Re: [PATCH net] net: ibm: emac: mal: fix potential system hang in mal_remove()
From: Rosen Penev
Date: Thu Jun 04 2026 - 19:04:14 EST
On Thu, Jun 4, 2026 at 11:52 AM Jacob Keller <jacob.e.keller@xxxxxxxxx> wrote:
>
> On 6/3/2026 4:08 PM, Rosen Penev wrote:
> > napi_disable() is not idempotent and calling it on an already-disabled
> > or unenabled NAPI context will cause the kernel to spin indefinitely
> > waiting for the NAPI_STATE_SCHED bit to clear.
> >
> > In mal_remove(), napi_disable() is called unconditionally. If no MACs were
> > registered, NAPI was never enabled. Also, if they were registered but
> > subsequently unregistered, NAPI was already disabled in
> > mal_unregister_commac(). In either case, calling napi_disable() causes
> > the kernel to hang upon module removal.
> >
> > Fix this by only calling napi_disable() in mal_remove() if the commac list
> > is not empty (which implies NAPI is enabled).
> >
> > Fixes: 59e90b2d2250 ("ibm_emac: Convert to use napi_struct independent of struct net_device")

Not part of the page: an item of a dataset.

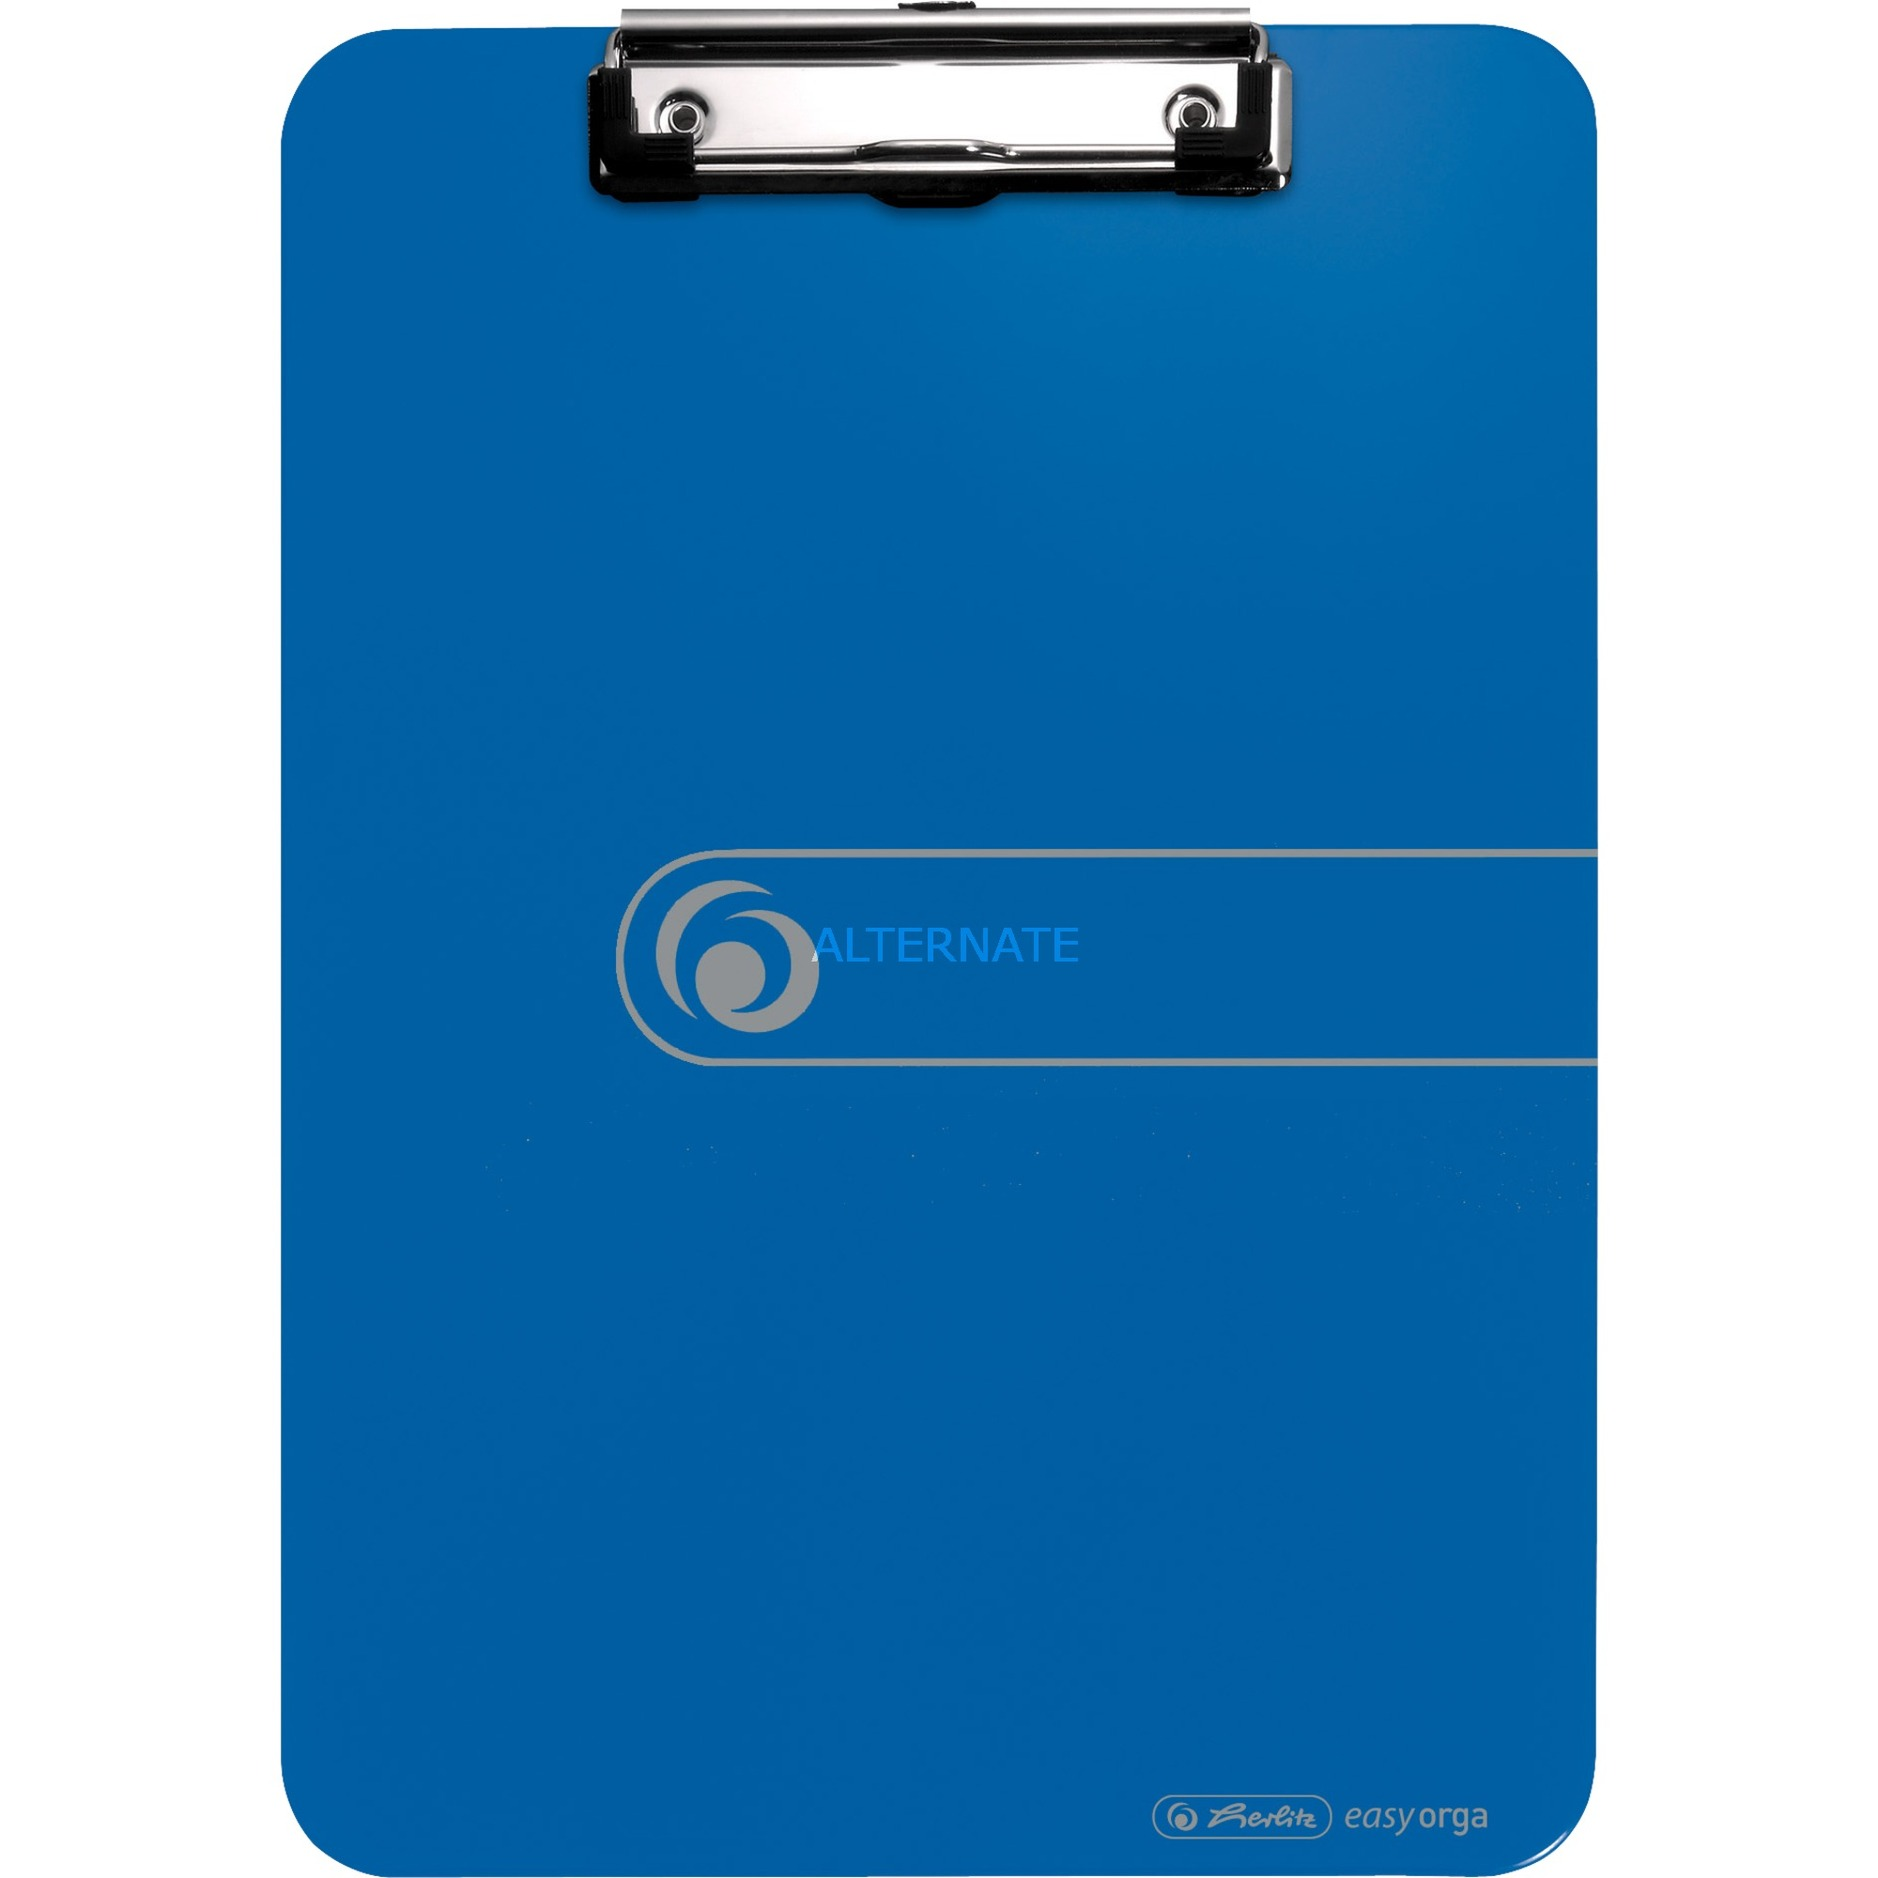 11226396 De plástico, Poliestireno Azul portapapel, Tablero de bornes

> > Assisted-by: antigravity:gemini-3.5-flash
> > Signed-off-by: Rosen Penev <rosenp@xxxxxxxxx>
> > ---
> > drivers/net/ethernet/ibm/emac/mal.c | 6 +++---
> > 1 file changed, 3 insertions(+), 3 deletions(-)
> >
> > diff --git a/drivers/net/ethernet/ibm/emac/mal.c b/drivers/net/ethernet/ibm/emac/mal.c
> > index 83dd7f99d8d5..74526002d52b 100644
> > --- a/drivers/net/ethernet/ibm/emac/mal.c
> > +++ b/drivers/net/ethernet/ibm/emac/mal.c
> > @@ -712,13 +712,13 @@ static void mal_remove(struct platform_device *ofdev)

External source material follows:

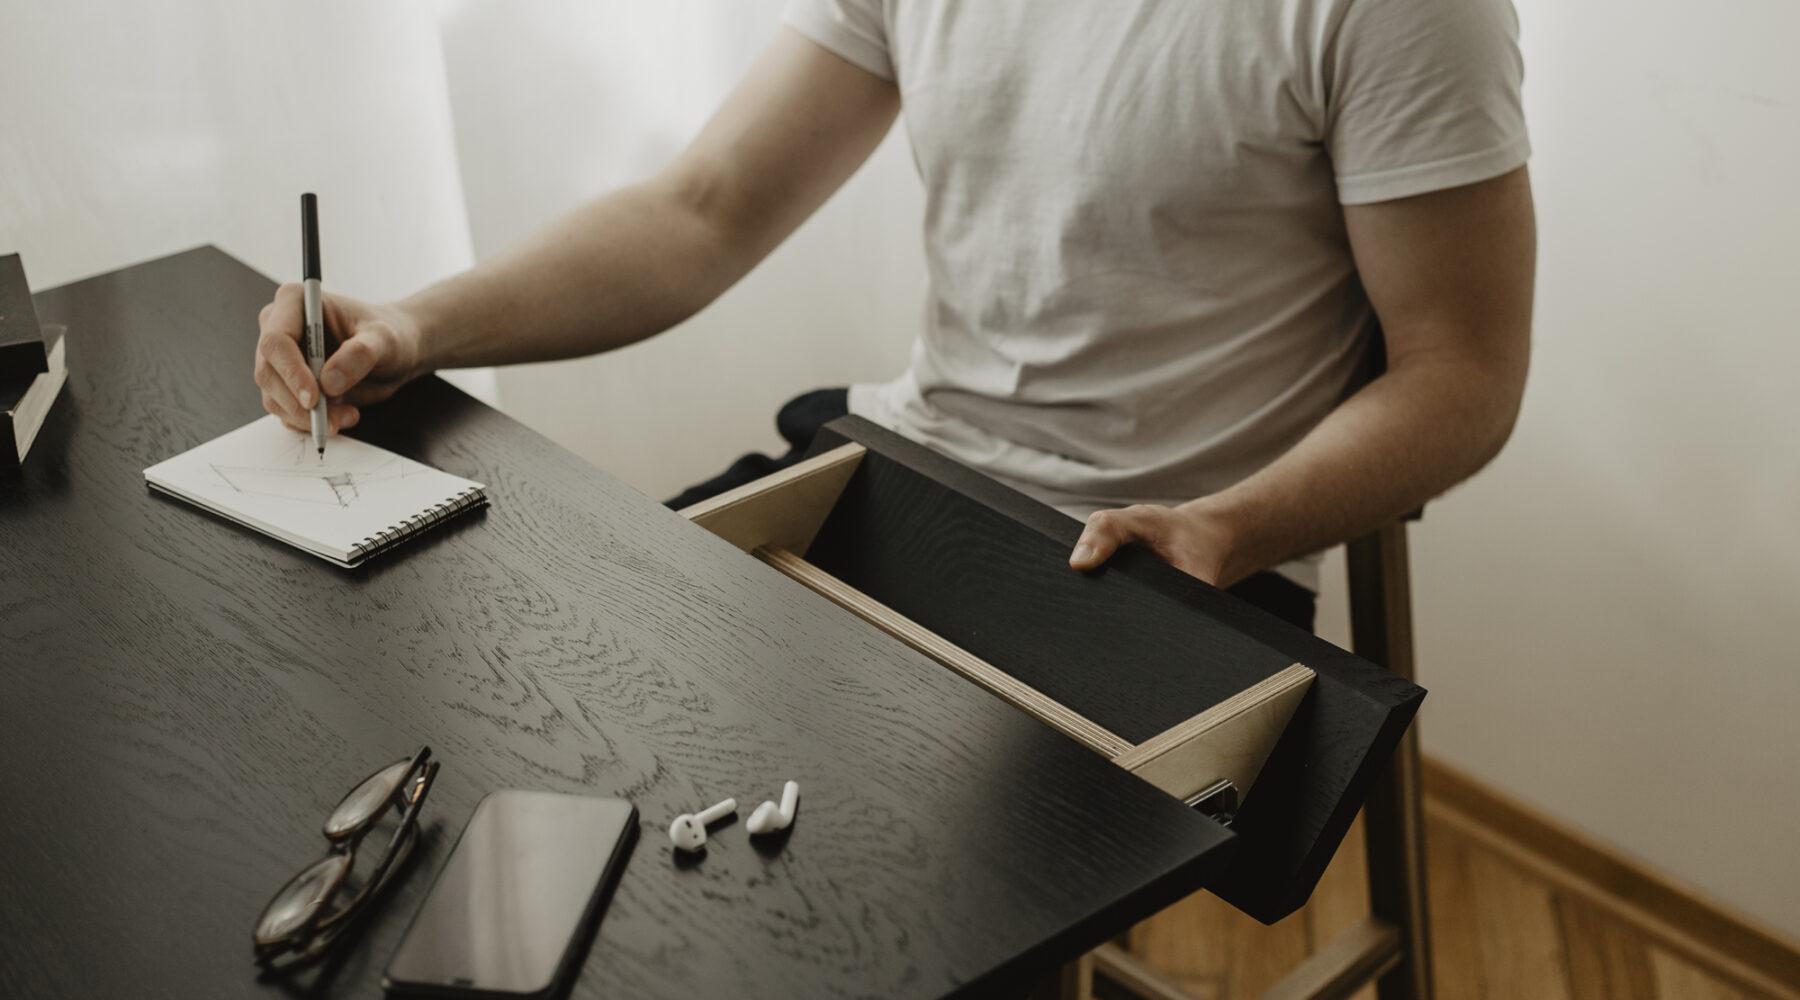 dębowy blat w kolorze czarnym z dwiema szufladami

> > MAL_DBG(mal, "remove" NL);
> >
> > /* Synchronize with scheduled polling */
> > - napi_disable(&mal->napi);
> > -
> > - if (!list_empty(&mal->list))
> > + if (!list_empty(&mal->list)) {
> > + napi_disable(&mal->napi);
> > /* This is *very* bad */
> > WARN(1, KERN_EMERG
> > "mal%d: commac list is not empty on remove!\n",
> > mal->index);
>
> This one doesn't make sense to me. The list_empty check does a WARN()
> indicating that this is not supposed to happen.
>
> This implies that list_empty should be true, otherwise we'd see a WARN
> every time mal_remove is called.
>
> But in that case, we'd have been calling napi_disable incorrectly in
> most cases where it was previously unsafe according to your claim.
>
> At best, this list_empty check is the wrong way to tell if the napi is
> disabled, at worst, this whole change is pointless.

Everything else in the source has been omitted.